3. Analyze security holes and other vulnerabilities - In this level you must assess what safeguards you currently have in place and determine what, if any, existing holes or shortfalls remain that can be exploited to gain access to what you are protecting. This is a blanket statement for all aspects of your life. Home, work, in transit, financially, and digitally. This step could be time consuming but it is a must. This step is also ongoing and never ends as threats change very often. You must adjust with the threats. Where possible, test your security measures against your fixes. You want measures that can't be predicted. Being a hard target is the goal, in all manners of your life.


4. Appraise the level of risk associated with each vulnerability - The is where you rack and stack your priorities and vulnerabilities and assign risk mitigation steps to each, top to bottom. If you can't afford to do every step because of cost, then use your money from the top down as you can afford it. A simple example would be you park a $60 thousand dollar truck or car outside the garage on a routine basis. If it is apparent the truck won't fit inside the garage then it is obvious.
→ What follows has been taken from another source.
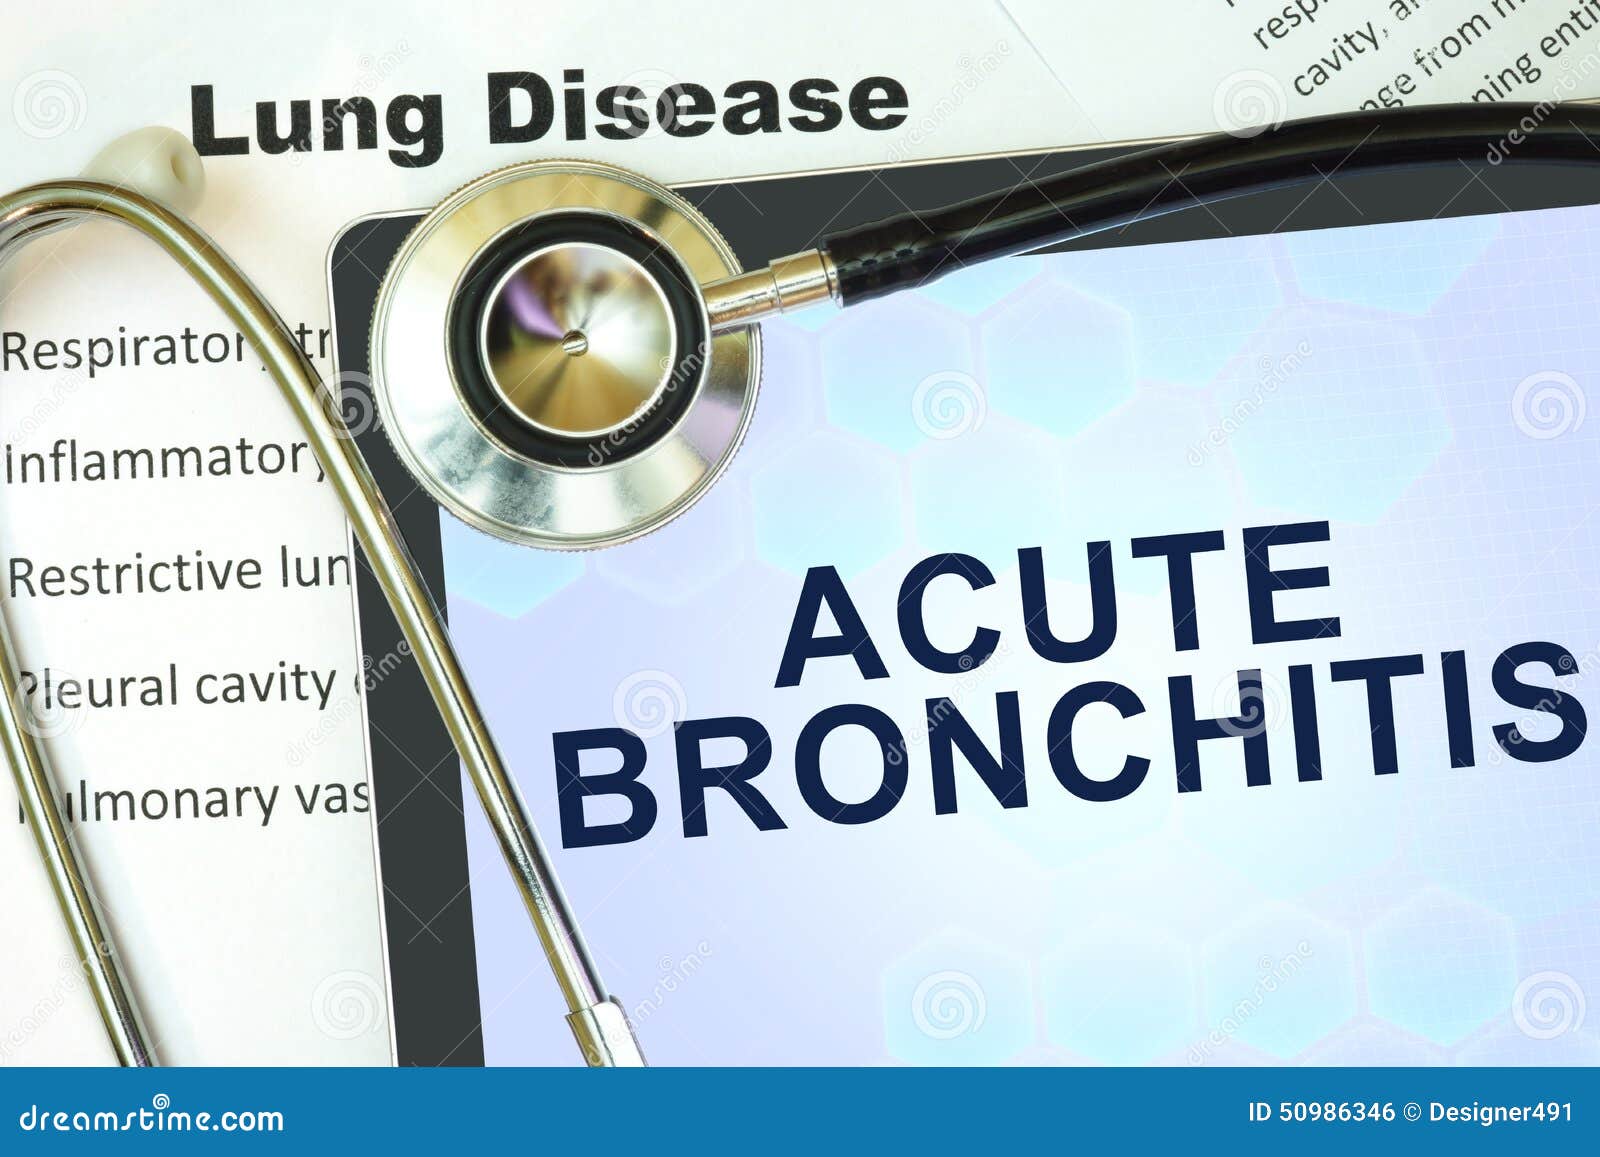 acute bronchitis

But, if the vehicle will fit in the garage, one will wonder what is in the garage that means more to the owner than the expensive automobile parked outside. It could mean nothing or it could mean suspicion would lead a person of interest to target your garage. You may have converted your garage to storage space to store all your preparedness resources? I know a gentleman who converted his garage to a full sized faraday cage. He didn't have expensive vehicles parked outside so the only question could be, why did the family park their cars in the garage for years and now both cars are outside permanently? Another example could be the fact you work ten miles from home M-F. You drive a nice car and your job requires you to wear professional attire. About three miles of your daily primary and alternate route requires you to travel through higher crime areas. You live in a state and/or city that has strict firearm laws and you cannot legally carry a firearm or obtain a license to possess the firearm. You must decide to what extent you will protect yourself. What is the risk to you based on your vulnerability.


5. Get countermeasures in place - You want to put measures and countermeasures in place before they become problems. But, you must know your measures and vulnerabilities before you can actually identify and mitigate them. When you build your different plans, one of the steps you must conduct is the Risk Mitigation process because this will help you identify your vulnerabilities and fixes. These are like band-aides on sores that are long lasting. How are you going to protect the sore short term and as long as the sore remains.


Many of the items I listed are security vulnerabilities. Identifying them and noting how you will mitigate them would fall under OPSEC. If the adversary identifies these same issues it puts you at risk.


Knowing, studying, and understanding threats will assist you greatly in the OPSEC process. Know what is valid intelligence information and what is psychological operations is also important. You must determine what surrounds you that can be a threat to your personal operations 24 x 7 and how you will mitigate it to make you less vulnerable. You then must determine how you will protect that information.


Be smart and protect yourself and family.


Paranoia is not protection. Build a plan that will layer protection around you, your family, and all that you do.